GEOG 485:
GIS Programming and Software Development

Project 3: Data extraction for a pro hockey team's scouting department

PrintPrint

In this project, you'll use your new skills working with selections and cursors to process some data from a "raw" format into a more specialized dataset for a specific mapping purpose. The data from this exercise was retrieved from the National Hockey League's undocumented statistics API.

Download the data for this project

Background

In this exercise, suppose you are a data analyst for an NHL franchise.  In preparation for the league draft, the team general manager has asked you to make it possible for him to retrieve all current players born in a particular country (say, Sweden) broken down by position.  Your predecessor passed along to you the player shapefile, but unfortunately the player's birth country is not included as one of the attributes.  You do have a second shapefile of world country boundaries, though...

Task

Write a script that makes a separate shapefile for each of the three forward positions (center, right wing, and left wing) within the boundary of Sweden. Write this script so that the user can change the country or list of positions simply by editing a couple of lines of code at the top of the script.

In browsing the attribute table, you'll note that player heights and weights are stored in imperial units (feet & inches and pounds).  As part of this extraction task, to simplify comparisons against scouting reports written using metric units, you should also add two new numeric fields to the attribute table -- to the new shapefiles only, not the original nhlrosters.shp -- to hold height and weight values in centimeters and kilograms.  For every record, populate these fields with values based on the following formulas:

height_cm = height (in inches) * 2.54

weight_kg = weight (in pounds) * 0.453592

Your result should look something like the figure below if viewed in Pro.  The custom symbolization and labels are not required to be part of your script.

Map of Project 3 results

Figure 3.5  Example output from Project 3, viewed in Pro. 

The above requirements are sufficient for receiving 90% of the credit on this assignment. The remaining 10% is reserved for "Over and above" efforts, such as making a script tool, or extending the script to handle multiple target countries, other combinations of fields and queries, etc. For these over and above efforts, we prefer that you submit two copies of the script: one with the basic functionality and one with the extended functionality. This will make it more likely that you'll receive the base credit if something fails with your over and above coding.  

Deliverables

Deliverables for this project are as follows:

  • The source .py file containing your script
  • A short writeup (about 300 words) describing how you approached the project, how you successfully dealt with any roadblocks, and what you learned along the way.
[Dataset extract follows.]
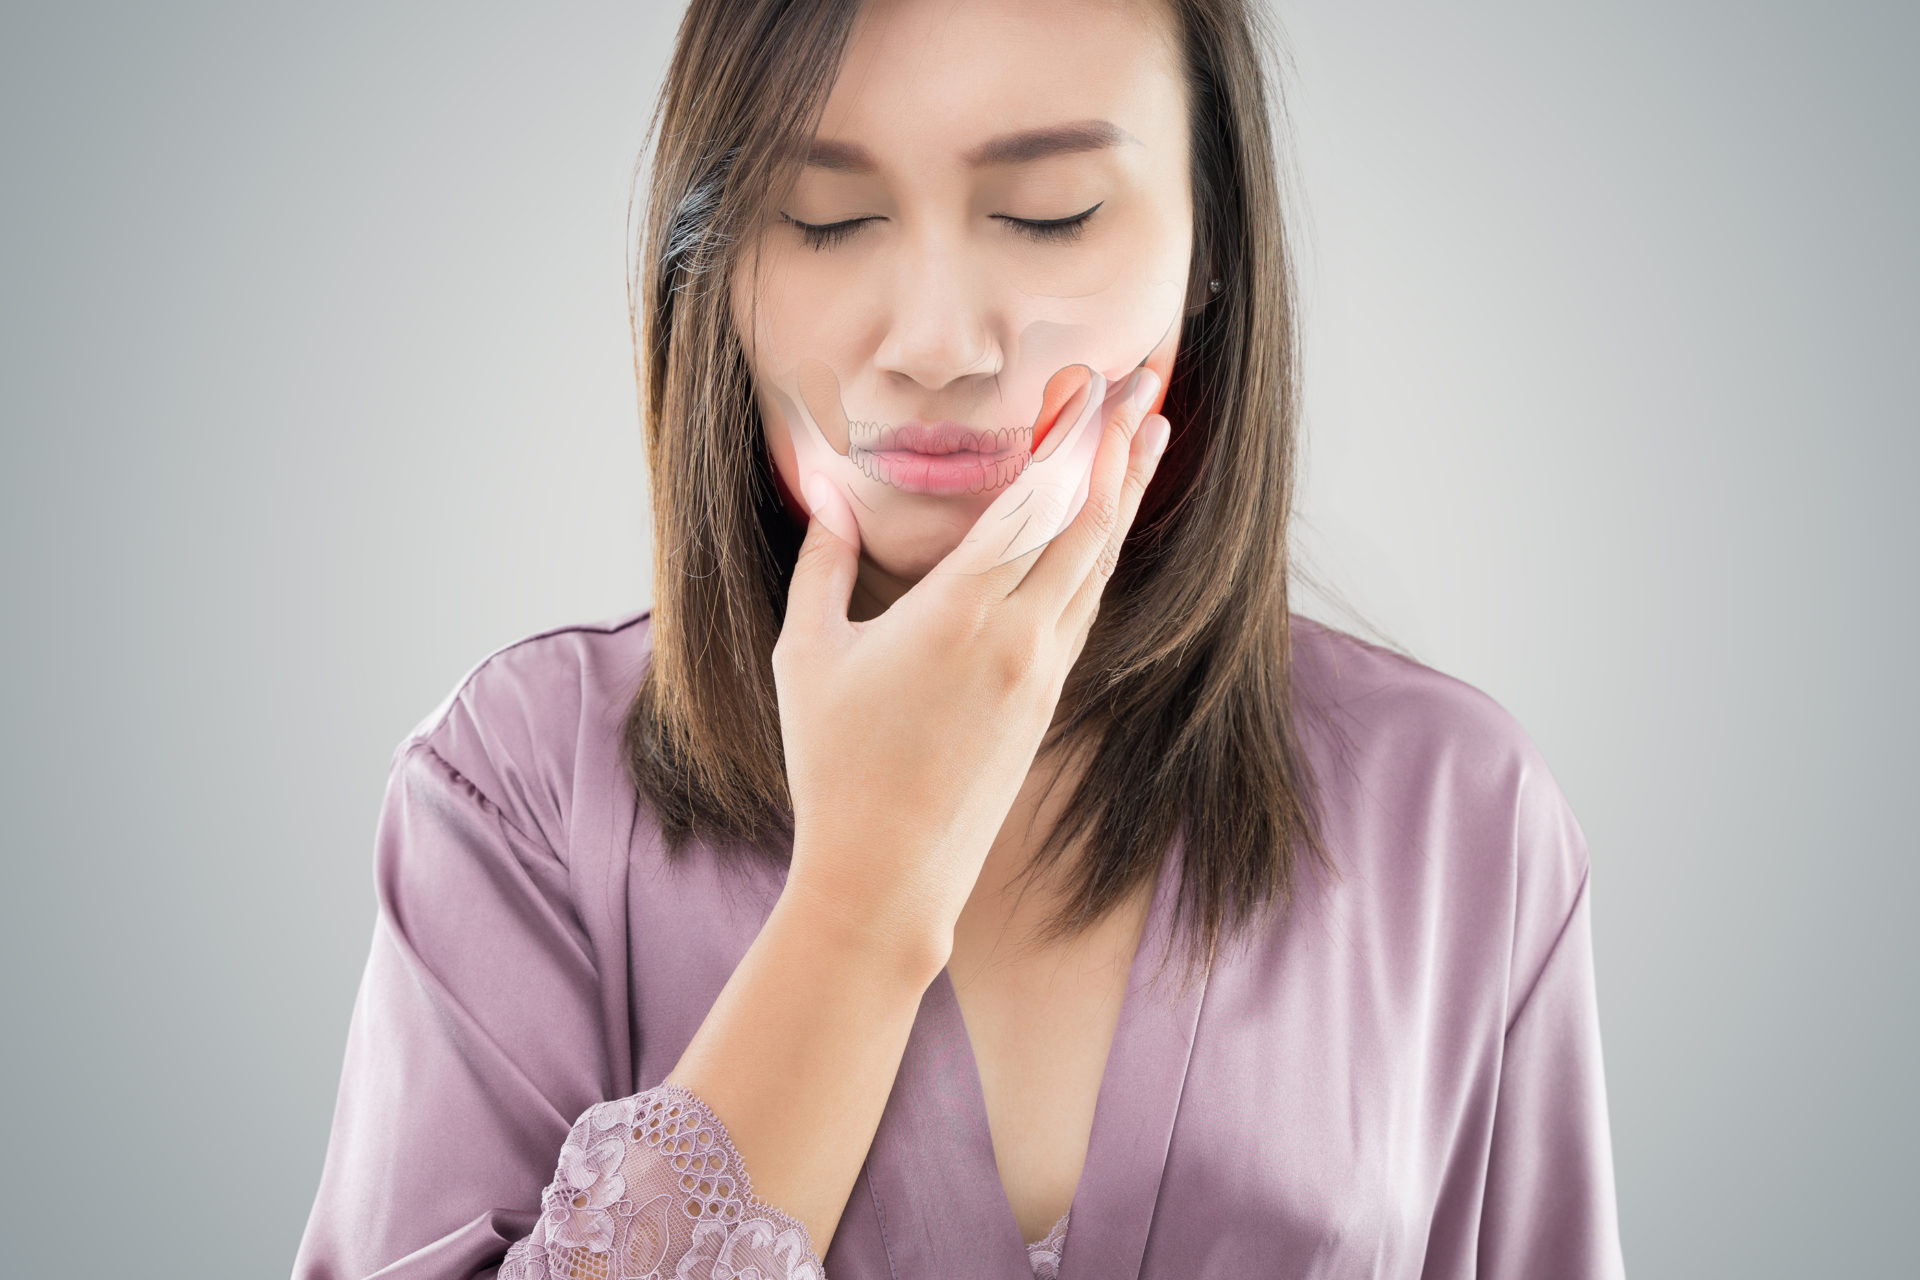 Temporomandibular Joint and Muscle Disorder: TMD, Suffering from toothache. Beautiful young woman suffering from toothache while standing against grey background

You should include which requirements you met, or failed to meet. If you added some of the "over and above" efforts, please point these out, so the grader can look for them.

You do not have to create a script tool for this assignment; you can hard-code the initial parameters. Nevertheless, put all the parameters at the top so they can be easily manipulated by whoever tests the script.

Once you get everything working, creating a script tool is a good way to achieve the "over and above" credit for this assignment. If you do this, then please zip all supporting files before placing them in the drop box.

Notes about the data

Take a look at the provided datasets in Pro, particularly the attribute tables.  The nhlrosters shapefile contains a field called "position" that provides the values you need to examine (RW = Right Wing, LW = Left Wing, C = Center, D = Defenseman, G = Goaltender).  As mentioned, you've been asked to extract the forward positions (RW, LW, and C) to new shapefiles, but you want to write a script that's capable of handling some other combination of positions, too.  There are several other fields that offer the potential for interesting queries as well, if you're looking for over and above ideas.

The Countries_WGS84 shapefile has a field called "CNTRY_NAME". You can make an attribute selection on this field to select Sweden, then follow that up with a spatial selection to grab all the players that fall within this country. Finally, narrow down those players to just the ones that play the desired position.

Tips

Once you've selected Swedish players at the desired position, use the Copy Features tool to save the selected features into a new feature class, in the same fashion as in the practice exercises.

Take this project one step at a time. It's probably easiest to tackle the extraction-into-shapefile portion first.  Once you have all the new position shapefiles created, go through them one by one, use the "Add Field" tool to add the "height_cm" and "weight_kg" fields, followed by an UpdateCursor to loop through all rows and populate these new fields with appropriate values.

It might be easiest to get the whole process working with a single position, then add the loop for all the positions later after you have finalized all the other script logic.

The height field is of type Text to allow for the ' and " characters.  The string slicing notation covered earlier in the course can be used to obtain the feet and inches components of the player height.  Use the inches to centimeters formula shown above to compute the height in metric units.

For the purposes of this exercise, don't worry about capturing points that fall barely outside the edge of the boundary (e.g., points in coastal cities that appear in the ocean). To capture all these in real life, you would just need to obtain a higher resolution boundary file. The code would be the same.

You should be able to complete this exercise in about 50 lines of code (including whitespace and comments). If your code gets much longer than this, you are probably missing an easier way.